Blanching is also known as “parboiling” and involves briefly submerging the food (usually vegetables) in boiling water, which begins the cooking process. You then remove the food from the hot water, plunge it into cold water to arrest the changes, and then quickly bag and freeze the food. This preserves the fresh nature of the food and also makes the eventual cooking easier.
When you get to a year’s worth of extra food in storage, you’ll notice that it takes up quite a bit of space. This is the point at which you might want to build some dedicated storage for your project. The usual space for this is the garage—but it can be anywhere, even a rented storage unit.
Here’s what you need to accomplish:
> The space needs to be dry to avoid mold and rot.
> You want to keep the storage area reasonably constant in temperature, especially with home-canned foods.
> You must keep your food safe from rodents and other pests.
> The space should be conveniently located so you can access it without difficulty and secure it from the threat of plunder. Obviously, an unsecured tin shed in the back-yard meets none of these requirements, while a dedicated pantry in your home meets all of them. But most people choose a set of shelves and bins in the garage as the most convenient and affordable solution. If you do end up building a storage space, here are a few basic rules to follow:
> Chrome “meat rack” shelving is good, because it allows airflow around the stores.
> Wooden shelves are also good, especially if you can make cabinets by putting doors on them.
> Keeping canned foods in the dark helps inhibit any bacterial growth and helps keep foods at a constant temperature.
> Keep adequate room on the shelves, especially around dried foods.
> Don’t store food in paper or cardboard containers on concrete floors. Water condenses and wicks up through the concrete.
> If you use metal trash cans for bulk storage, be sure the lids are tightly bound to the cans. Rubber tie-downs work well for this.
Meal ready to eat
If you have a lot of money to spend and you want to stock up on pre-made meals, this is easy to do. Prepared survival rations are stackable, will keep a long time, and every-thing is already included. The down side is that they’re not very appetizing and they cost a lot, compared to doing your own storage.

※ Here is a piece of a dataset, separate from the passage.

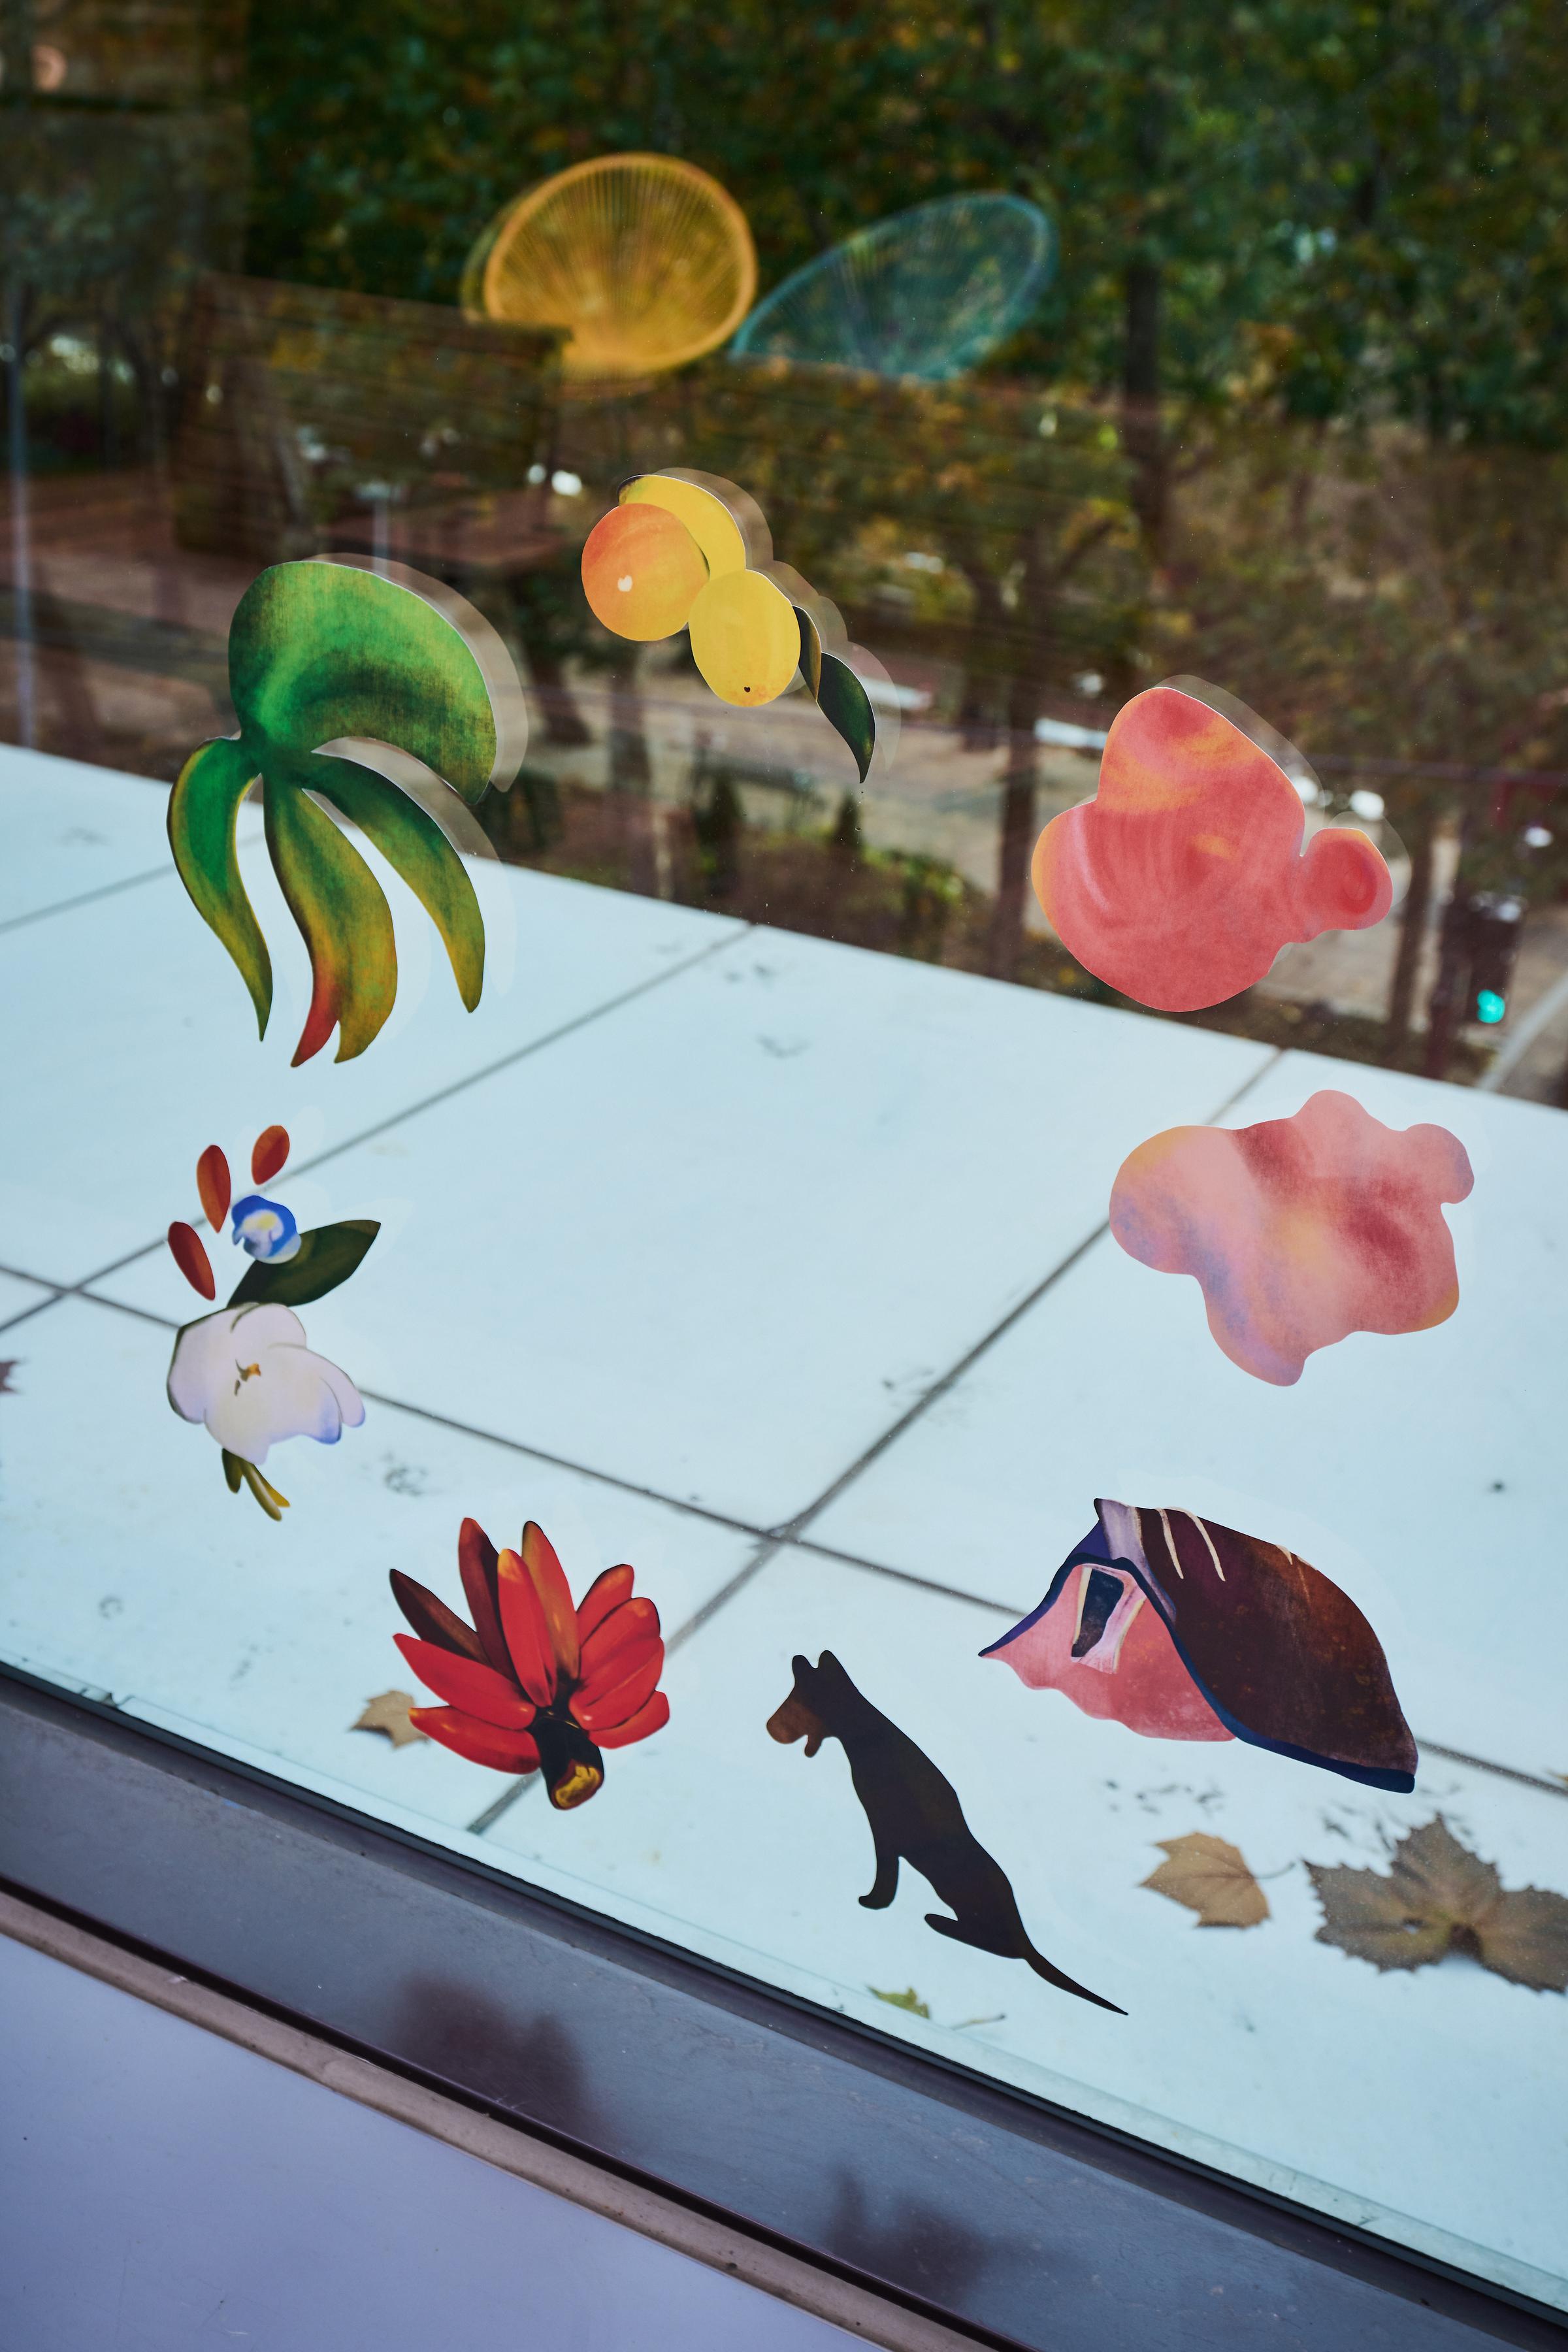 투명 창에 꽃과 열매, 나뭇잎 등의 스티커가 둥글게 붙어있는 사진
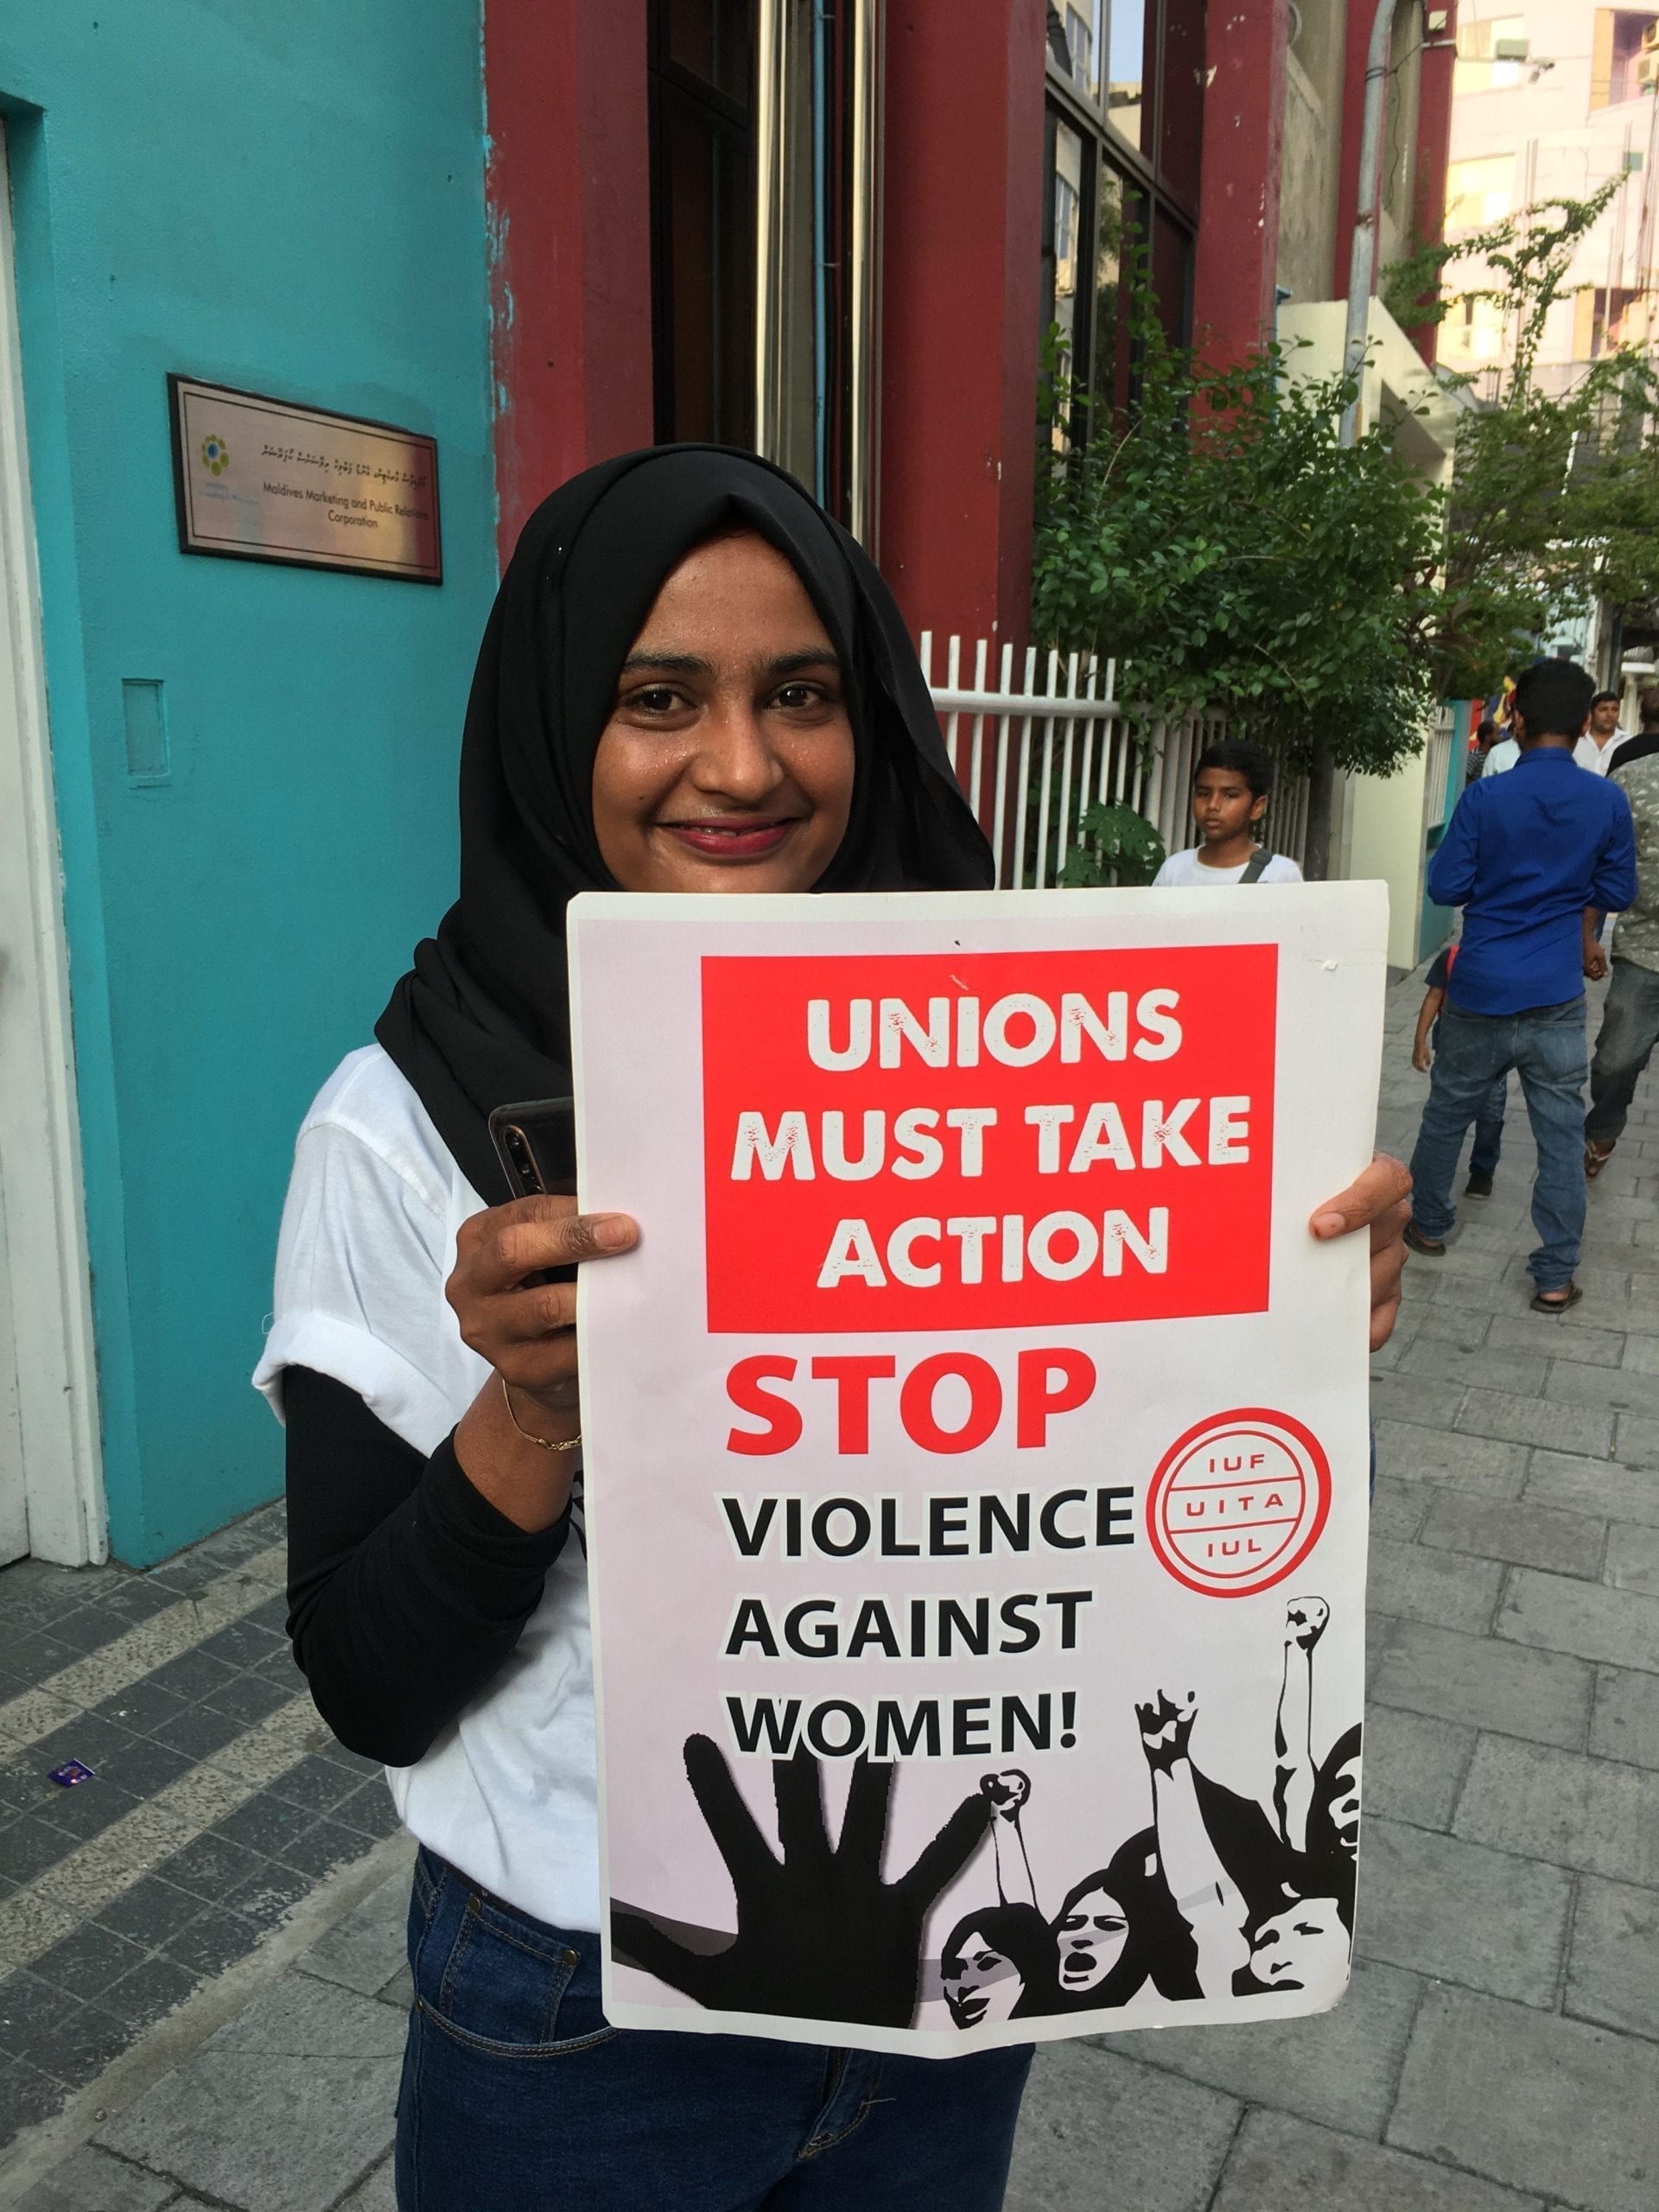 Maldives, May Day 2019, Solidarity Center

If you want to stock up on emergency meals, there are many online outlets (and perhaps some advertisers in this magazine) that can help you. Among the vendors are:
The best way to keep meat
Without a doubt, the best way to store meat is alive and walking around! This is just one reason that becoming proficient at fishing, trapping, and hunting should be on your list of personal skills to develop. For instance, a crayfish trap can get you some fresh meat in most of North America and costs about $10. Just throw some old food scraps into it and leave it overnight in a deep, rocky place in a creek or pond.
Ask around the fishing shops in your area, and you’ll get some tips about where to find crawdads. The same is true of basic fishing gear: You can pick up these tools at garage sales and thrift stores for a song and add them to your arsenal of food-acquisition supplies. Fish will stay fresh until you catch it. Hunting, on the other hand, takes quite a bit more training and preparation. That skill has been prized since before recorded history.
The storage solution
Keeping a stash of stored foods just makes good sense. It doesn’t matter if you’re living on a remote homestead or an apartment in midtown Manhattan. Having a little extra food stashed away is a cheap insurance policy against going hungry. Every year, you can see people fighting over the last box of corn flakes somewhere in America for no good reason—why should that ever be you?